Note that the kops get keypairs subcommand fails similarly, due to assuming that every key set item contains an X.509 certificate.
% kops get keypairs
panic: runtime error: invalid memory address or nil pointer dereference
[signal SIGSEGV: segmentation violation code=0x1 addr=0x100 pc=0x42a9788]
goroutine 1 [running]:
main.listKeypairs({0x5c80b38?, 0xc00066d620?}, {0x7dfba58, 0x0, 0x25?}, 0x0)

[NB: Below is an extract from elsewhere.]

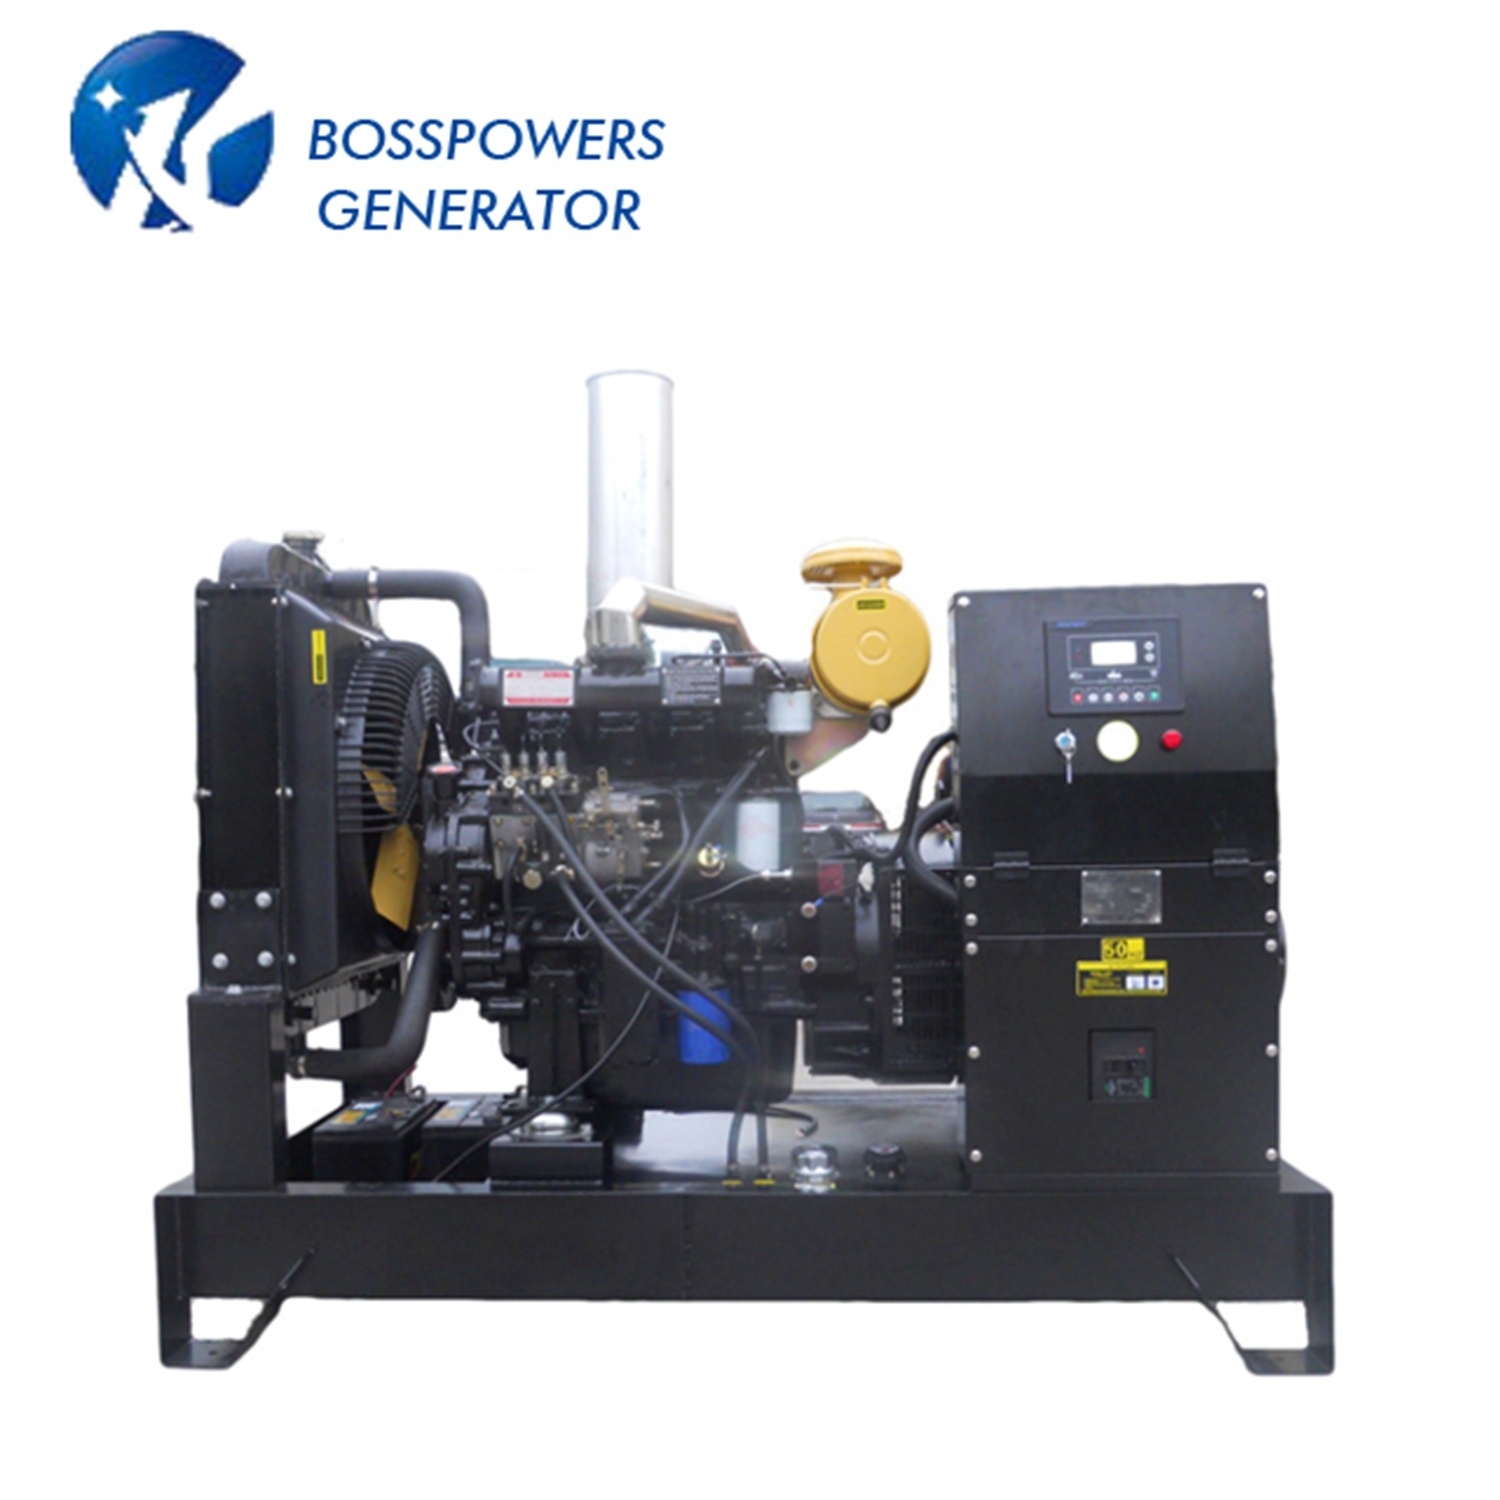 Containerized Diesel Generator Set Backup Use Powered by Kpv970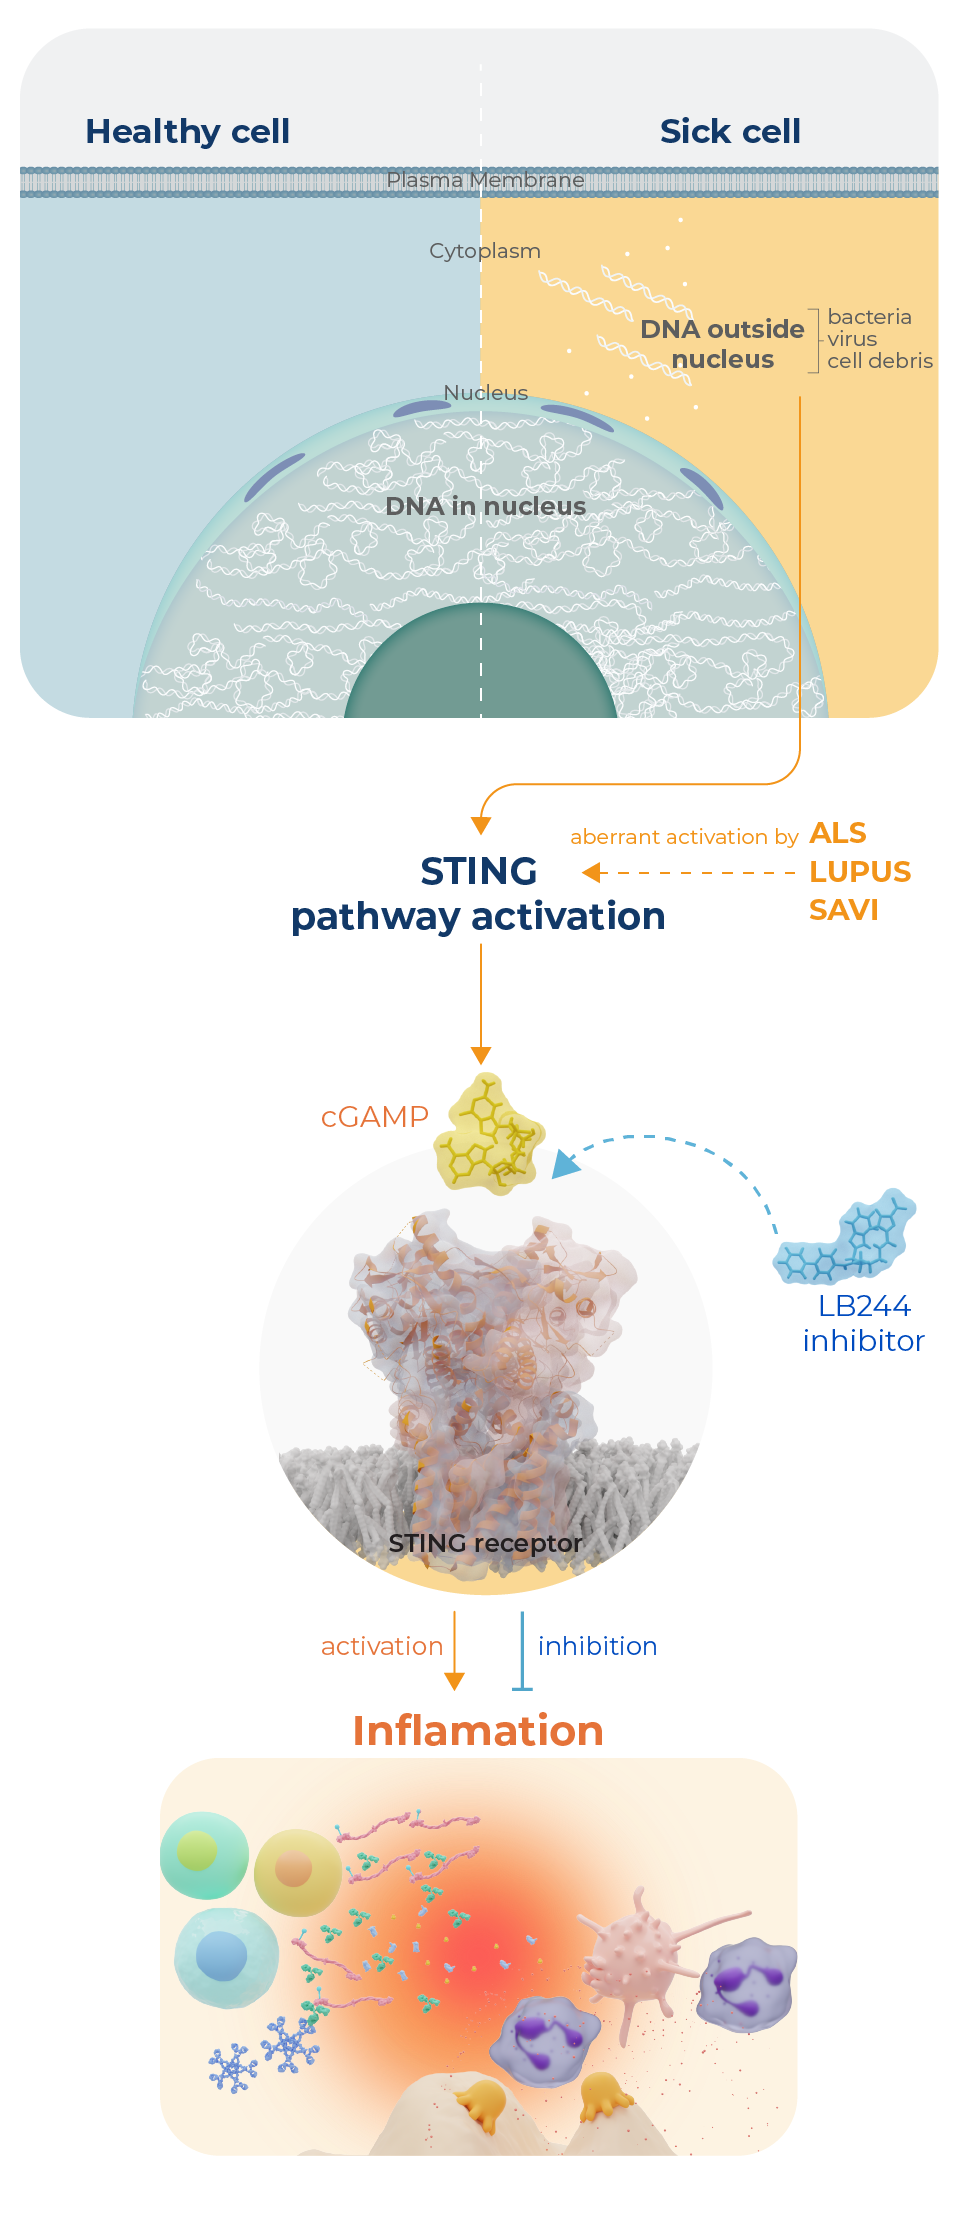 illustration contrasting unstimulated and STING activated cell signaling

k8s.io/kops/cmd/kops/get_keypairs.go:127 +0x2e8
main.RunGetKeypairs({0x5c7d260, 0xc0000520e8}, {0x5c61a80?, 0xc000c09080?}, {0x5c639c0?, 0xc00000e018?}, 0xc0008b6270)
k8s.io/kops/cmd/kops/get_keypairs.go:174 +0xf8
main.NewCmdGetKeypairs.func3(0xc000e65680?, {0x7dfba58?, 0x0?, 0x0?})
k8s.io/kops/cmd/kops/get_keypairs.go:78 +0x3e
github.com/spf13/cobra.(*Command).execute(0xc000e65680, {0x7dfba58, 0x0, 0x0})
github.com/spf13/[email protected]/command.go:872 +0x694
github.com/spf13/cobra.(*Command).ExecuteC(0x7da7c00)
github.com/spf13/[email protected]/command.go:990 +0x3b4
github.com/spf13/cobra.(*Command).Execute(...)
github.com/spf13/[email protected]/command.go:918
main.Execute()
k8s.io/kops/cmd/kops/root.go:95 +0x5c
main.main()
k8s.io/kops/cmd/kops/main.go:20 +0x17
@seh Would you like to continue to iterate on the fix?
Would you like to continue to iterate on the fix?
Yes, though it would help to hear whether or not these entries that lack certificates are valid. Can kOps use them for anything? Should I ignore them as if they were distrusted?
Ignore them as distrusted, but list them and make them deletable, I would say.
I guess I didn't research far back enough in the history of the keystore code.
kOps can't use a private key without a certificate for anything unless/until it generates a corresponding certificate. (Though for service-account keypairs the only part of the certificate it uses is the public key.)
These days all code paths that create a key also create a corresponding certificate. I would agree that keys without certificates should be ignored as if distrusted.
As this is not a regression or something that breaks things for a lot of users, I removed the blocks-next label.